So we agree the CAA could clobber UK resident N-reg in various ways. The question is whether they will ever bother.
The biggest driver in the CAA is probably money (even if they understandably must dress up any regulations in more paletable terms). I am sure that N-reg in UK GA is only a tiny part of the UK N-reg scene, seen in the context of CofA revenue loss to the CAA. For any training or commercial work, it has to be a G-reg, so the great majority of the UK GA fleet will never go N-reg. The sole owner / syndicate fleet which could ever go N-reg is very small; private owners have the Private CofA option which negates most maintenance regime savings and a miniscule % of those have an IR. And very few syndicates have enough "IR" members to make N-reg worth doing.

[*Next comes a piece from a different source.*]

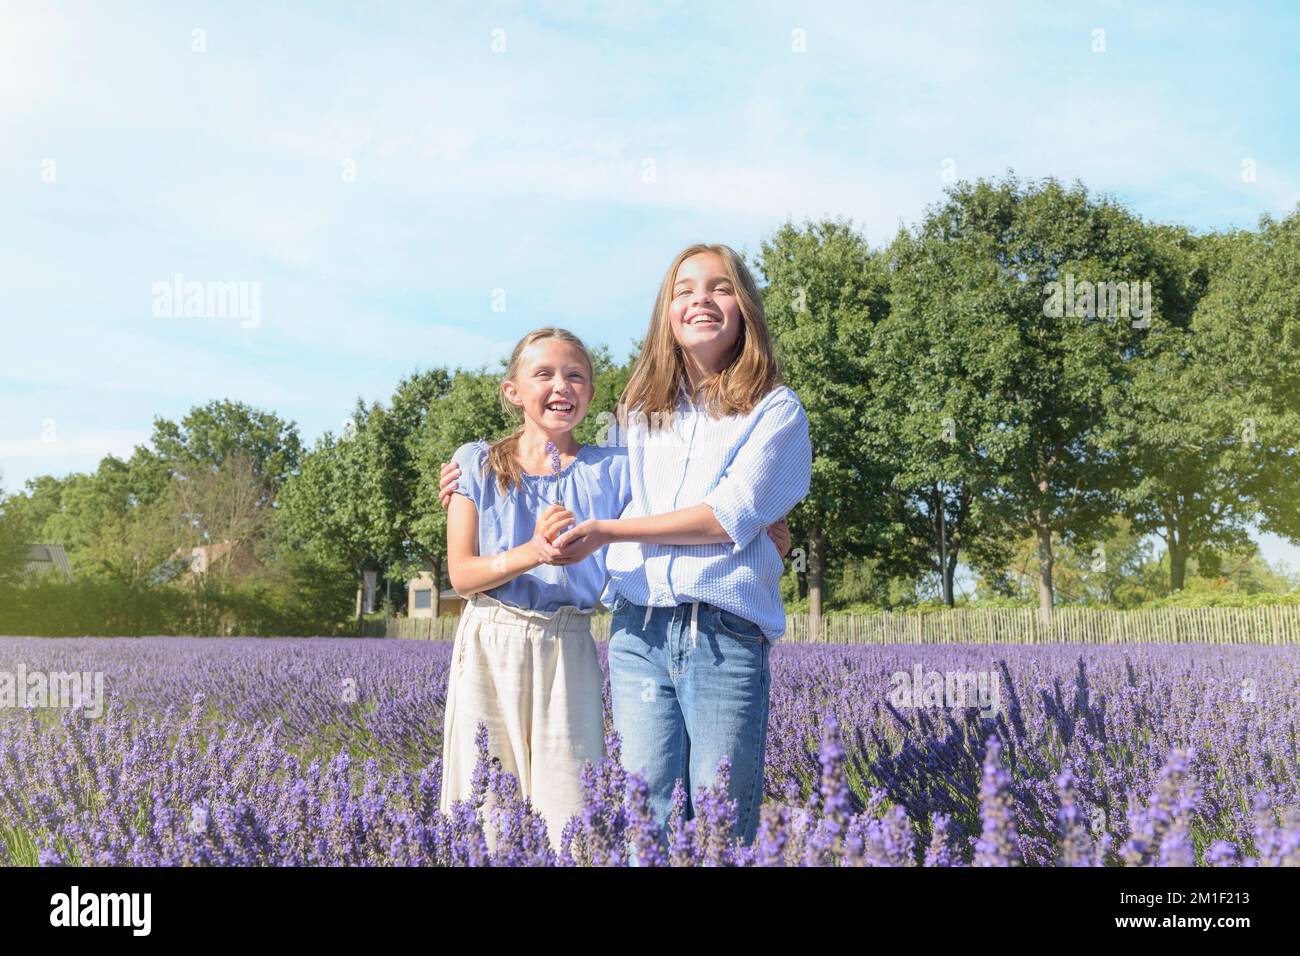 Zwei Teenager-Mädchen, Freunde mitten in einem blühenden Lavendelfeld. Die Freude der Kindheit. Lifestyle Stockfoto

As in the UK we have the IMC Rating, the real driver behind the FAA IR is European flying, and that pretty well means airways. The % of UK PPLs that have an IR (of any sort) is tiny and always will be very small, not least because most of the UK fleet is not airways legal.
I don't think it is easy to get a plane which is equipped well enough for this, for much under £100k, and the vast majority of the UK fleet is nowhere near that figure.

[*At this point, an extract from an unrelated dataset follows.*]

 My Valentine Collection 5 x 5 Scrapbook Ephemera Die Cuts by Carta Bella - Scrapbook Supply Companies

Also much of what the CAA could do would be ineffective unless the whole of the EU did the same. Otherwise, multi-aircraft N-reg operators could get around any residence restriction by rotating planes through the UK.
There are also higher political considerations. The UK is a friend of the USA so they won't do some sort of blatent "up yours" gesture which perhaps the French DGAC might be able to do.
So perhaps we are making a bigger meal of it than is called for - although discussing it is certainly a good idea. Those who need to go N-reg will do so anyway but they will always be very few in number.